## Data block
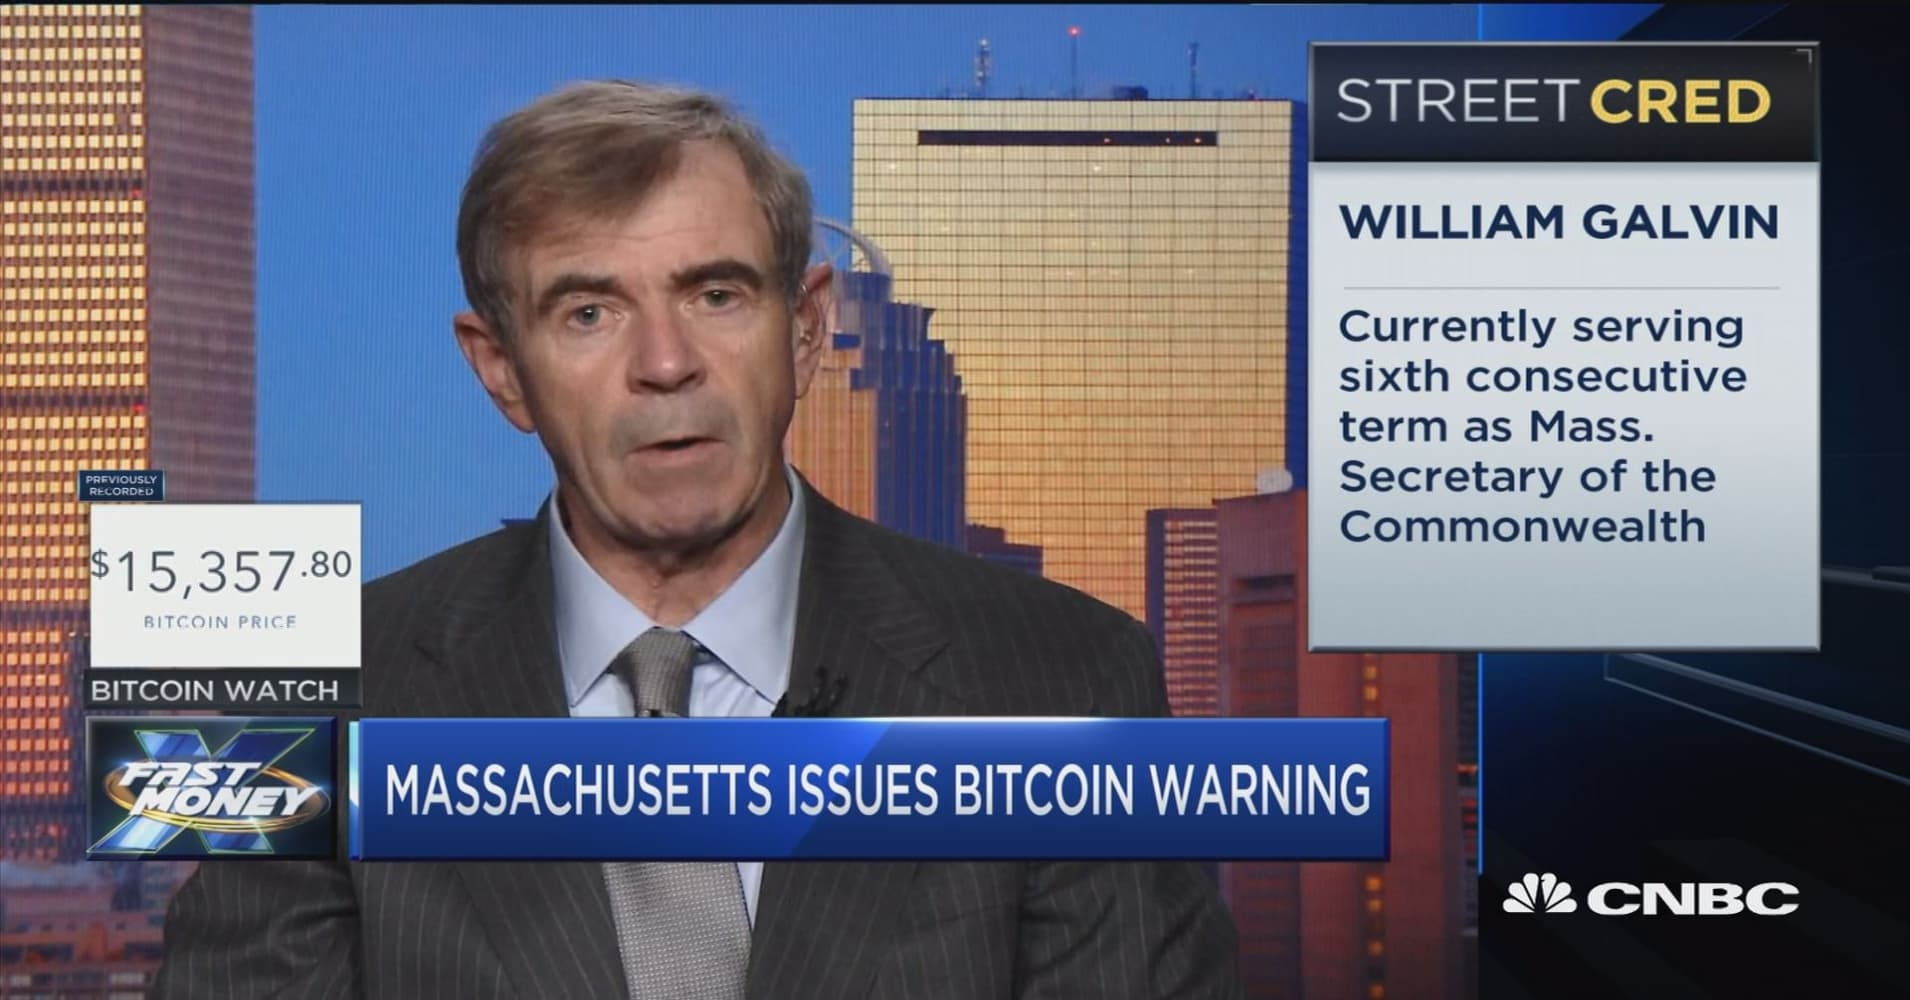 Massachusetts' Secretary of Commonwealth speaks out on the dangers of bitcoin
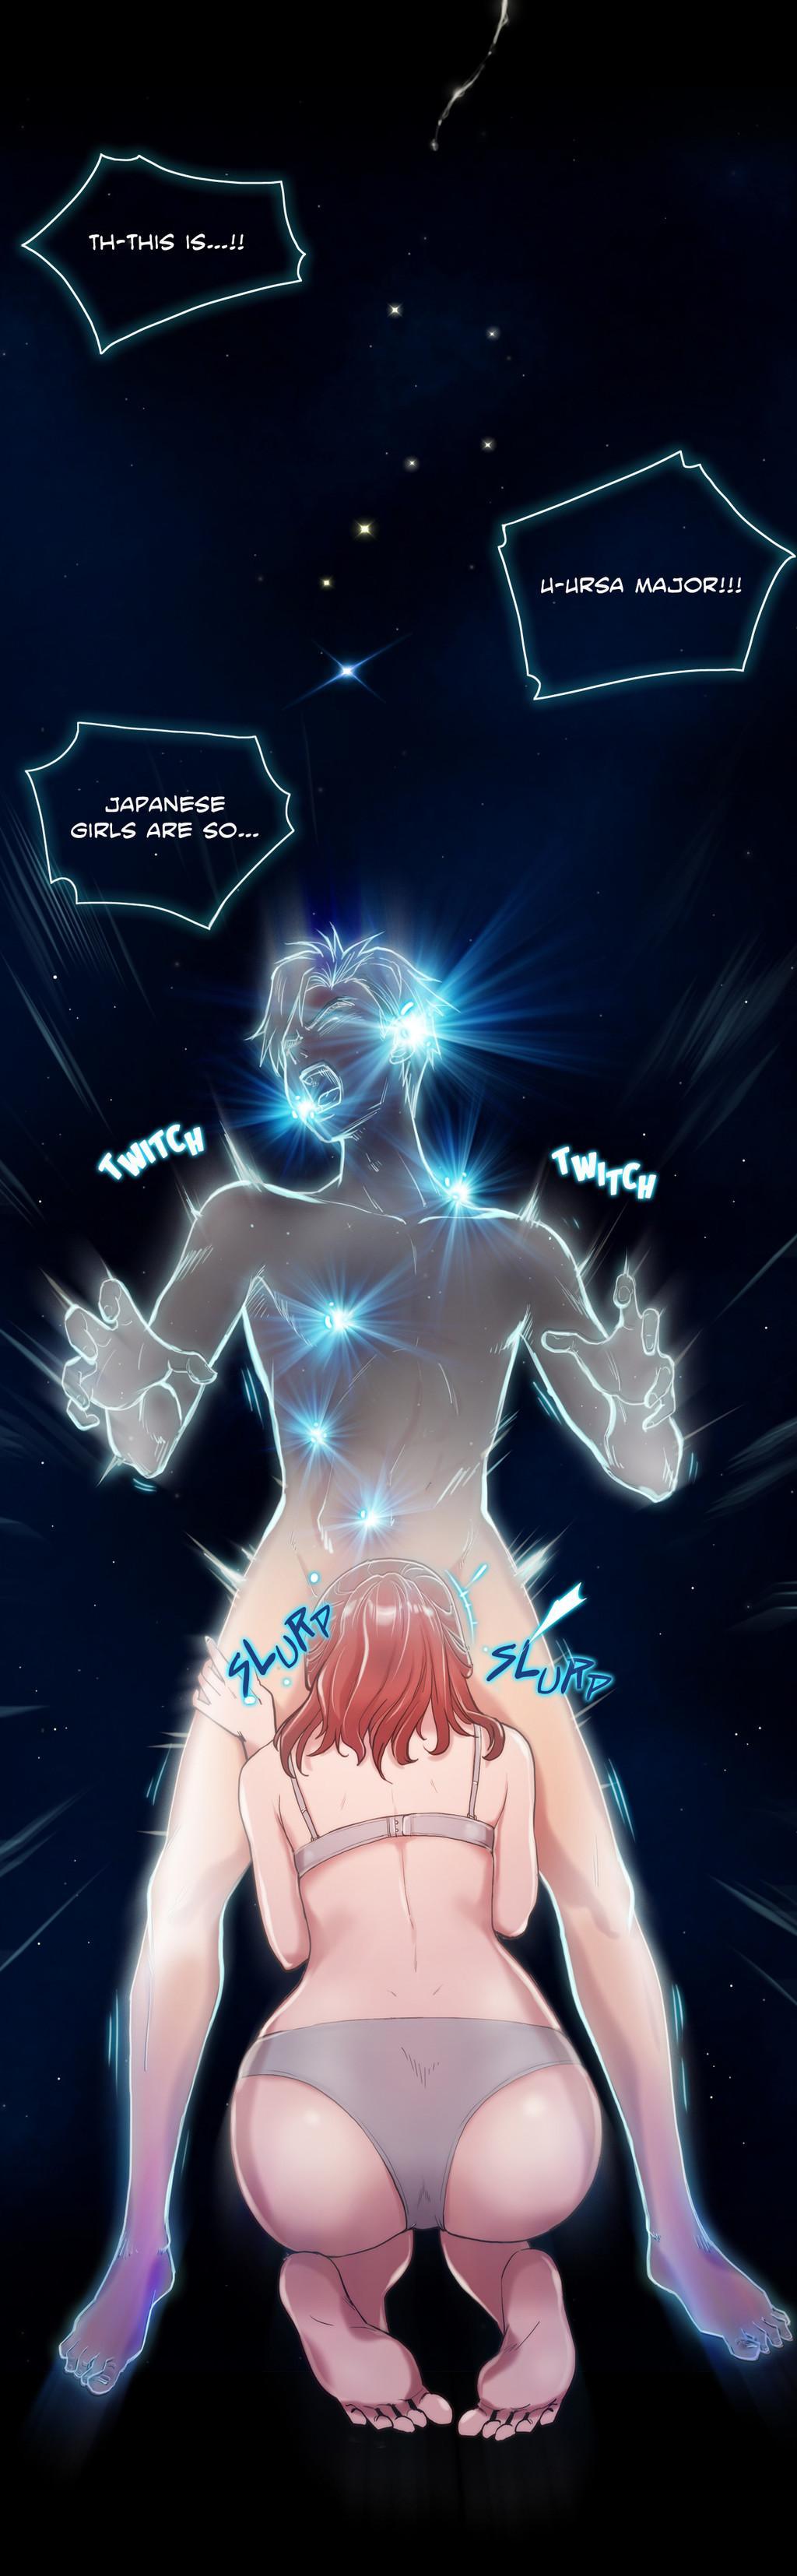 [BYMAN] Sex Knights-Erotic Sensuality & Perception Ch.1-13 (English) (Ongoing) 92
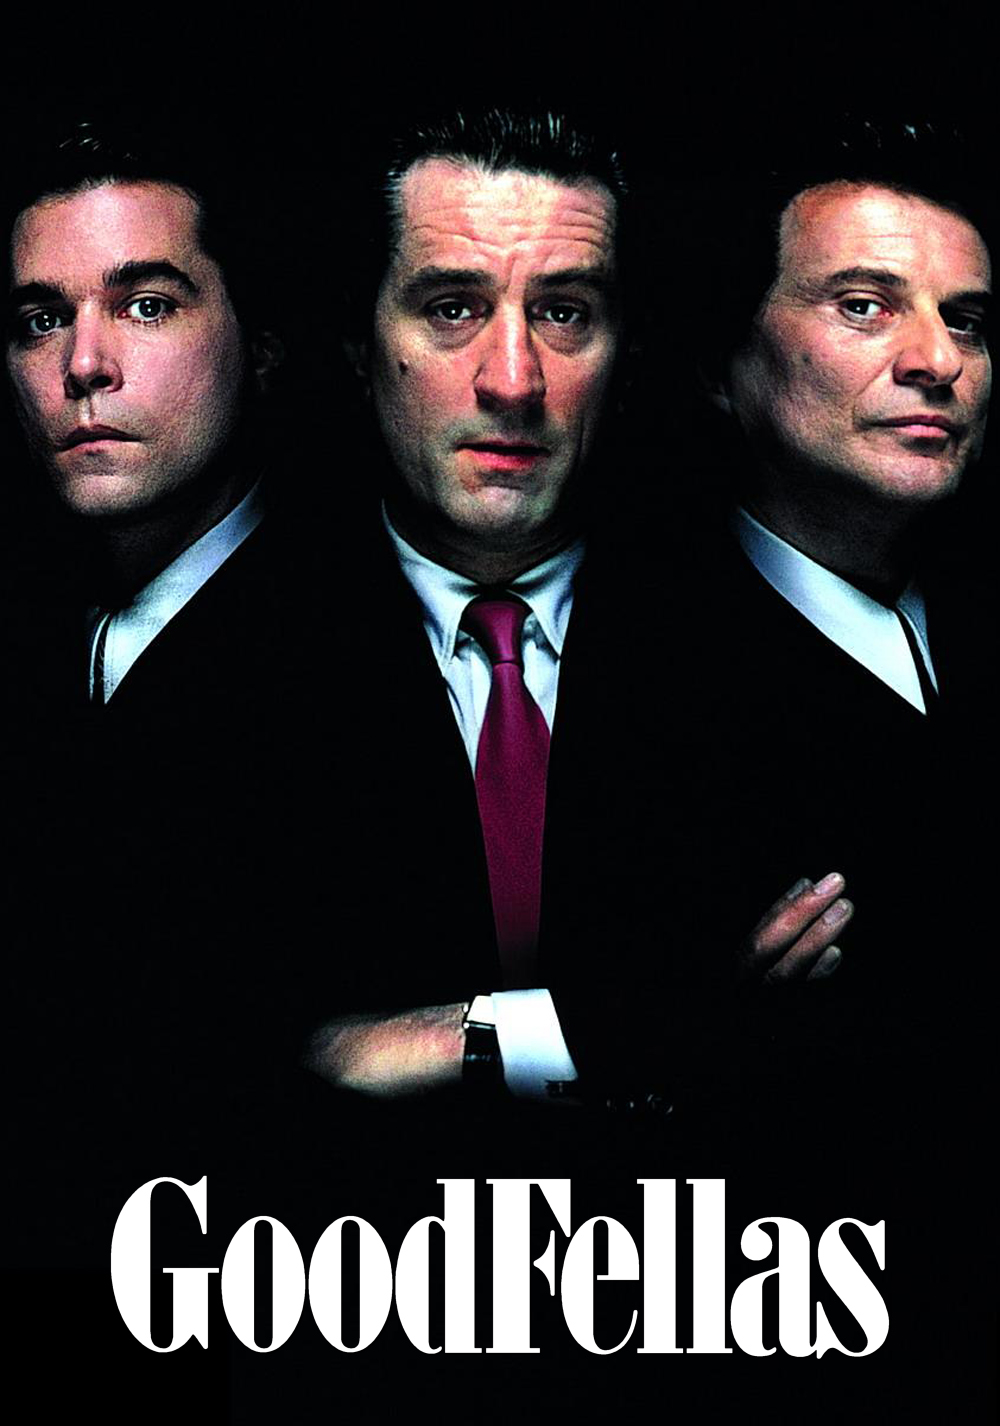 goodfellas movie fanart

## Work order
Using the material above, return every line exactly as it appears, minus the pictures.

## Task response
 Massachusetts' Secretary of Commonwealth speaks out on the dangers of bitcoin
 [BYMAN] Sex Knights-Erotic Sensuality & Perception Ch.1-13 (English) (Ongoing) 92
 goodfellas movie fanart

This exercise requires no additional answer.